Speaking of editors, my editor at Waveland Press has decided we ought to do a 3rd edition of Introduction to Play Analysis. It’s possible that I may be merging it with my book Play Analysis in Action: Susan Glaspell’s Trifles, but we’ll see how it plays out.
So I haven’t been laying around taking antibiotics and eating saltwater taffy all last month…although I did take some antibiotics, and I have discovered the best saltwater taffy I’ve ever eaten at Taffy Town — highly recommended.
As usual, I concur with your observations. I've run into a recent string of gatekeepers for the first time ever. But, then "times-they-are a-changin'."
Recently, every theatrical literary manager I've had contact with regarding submissions, has been female, most ethnic and some LGBTQ. As you may guess, I am none of those things. Some of these gatekeepers blatantly publish a desire or preference for submission that is specifically play subjects regarding females, or of racial or LGBTQ issues- or from exclusively writers who are one or more of these things. And I add, everyone of them is a playwright themselves, seeking opportunity for themselves. (Usually providing them one new premiere of their own work every 1-3 years.)
Furthermore, if you look at the submitted play selections they make, even when they do not advertise this bias, it is exactly this; plays on the experiences of women, ethnic experience or experiences of the LGBTQ community.

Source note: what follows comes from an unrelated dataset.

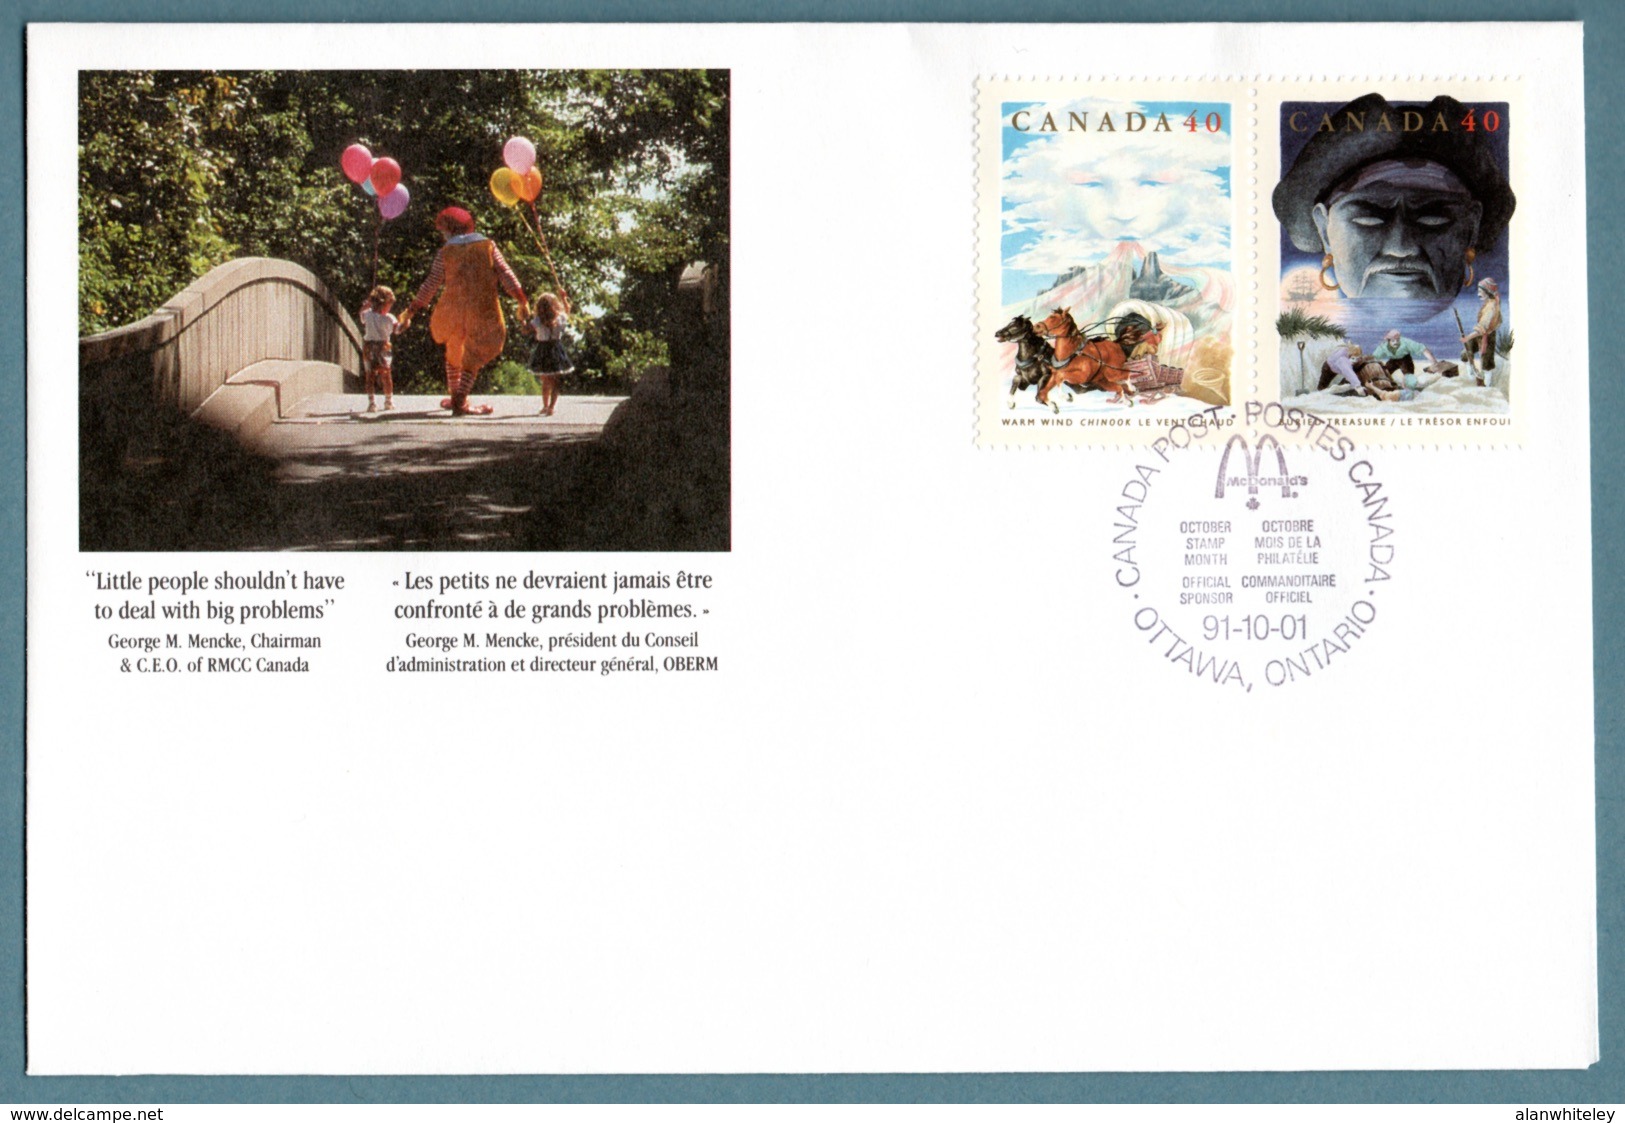 CANADA 1991 Canadian Folktales / McDonalds: Commemorative Cover CANCELLED - Enveloppes Commémoratives
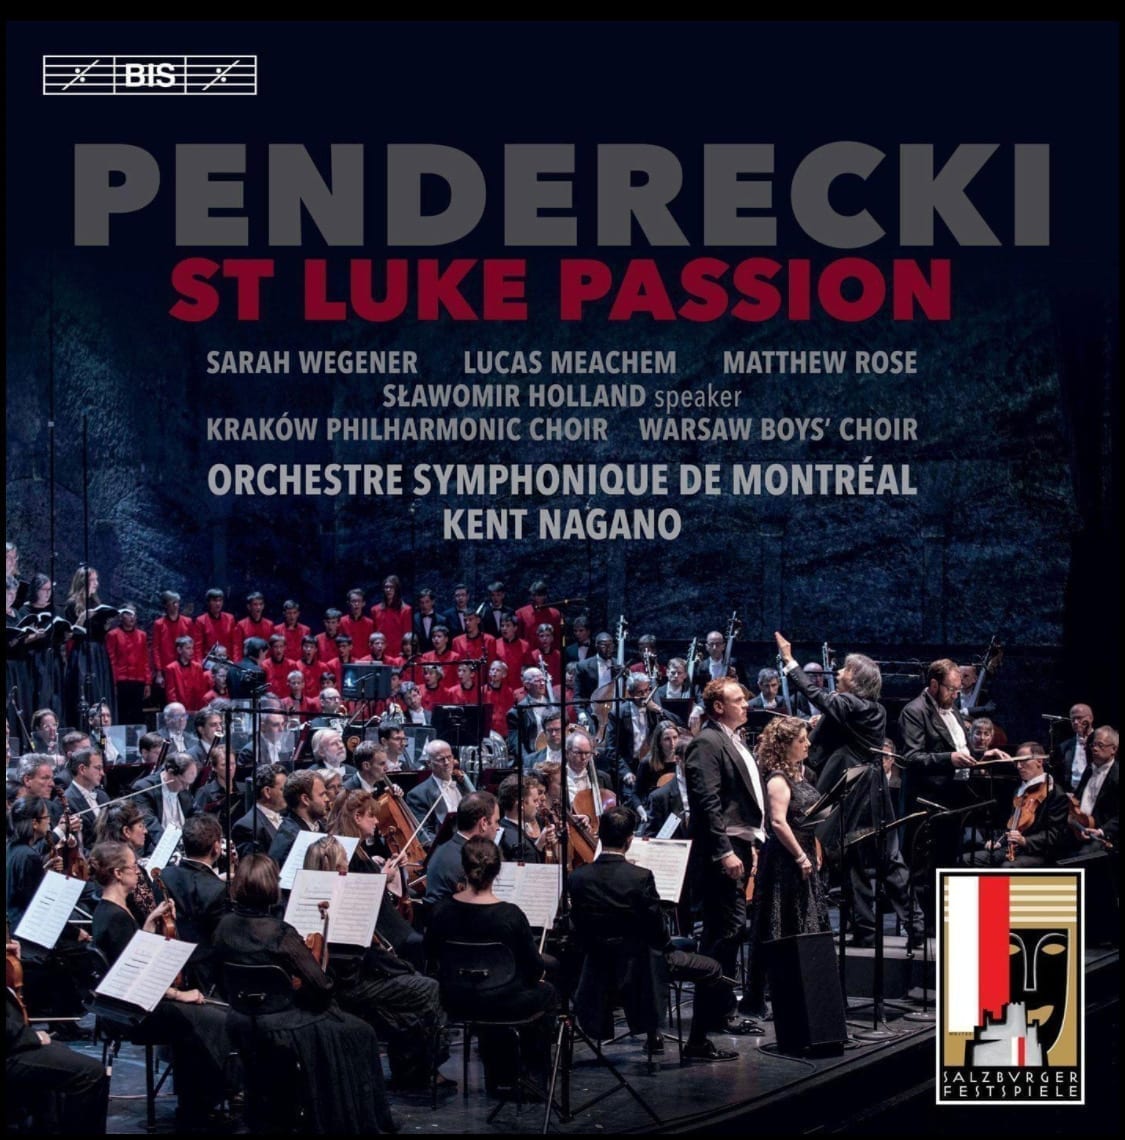 Penderecki's St Luke Passion, featuring Lucas Meachem, Baritone

I get it, really. After decades of what must be a presumed bias in theater, I guess the assumption that play selection favored straight, white-only male writers, these women are practicing a long needed balancing act of reverse discrimination to provide much needed opportunity to a previously excluded and disenfranchised group of writers. And it doesn't matter that at age 70, with my submissions, they practice ageism too.
I was at first incensed that they would practice this reverse discrimination, I assumed well-educated gatekeepers like these would look past that and judge material by it's quality. But, then I realized that most have little education or experience to make such quality judgement. (Kind of like most Broadway producers.) None have spent decades practicing, learning from mistakes and honing craft. Most are merely diploma-based students struggling to find opportunity for their own works while earning a wage controlling the gate to favor their preferences..
Well, these things tend to bounce back, in cycles. Already there is good evidence that these preferential selections are losing audience base, the majority of annual member-patrons not identifying with the subject matter and growing weary of the social-political rebuke and task-taking these often angry diatribes blatantly attempt to foist upon them. Audiences in Portland and Ashland have voiced weariness to this persistent onslaught of programming. (And no, this was not discriminatory rhetoric, but the reaction to programming fatigue.)
And then they wonder why their companies are bleeding out money and going into bankruptcy. Simply stated, they put their bias agenda ahead of the program desires of their market audiences.
Well, this is, indeed, the flavor of the month. I am happy for new voices to be heard, a little less so by this discrimination. I give these gatekeepers much kudos. It used to be that those who can't write (achieve opportunity and success) would teach. (And most still do.) But, now, a subset simply take control of the company to see opportunity is theirs to take and bestow on their favorites. Brilliant!
Were I playwright more than composer, I would be moved to write the perfect Geo S. Kaufman satire this situation suggests: the travails of a playwright intentionally writing and submitting a fictional history play that hits every cliche of these preferential demands and then forced to pretend to be a disenfranchised playwright selected to see a production of the selected work through. (Or maybe lop off the latter part and just submit the work under a female, gay, ethnic nom-de-plume.) Oh, well, I will accept partnership offers, as composer, if this idea warrants becoming a musical. Ha!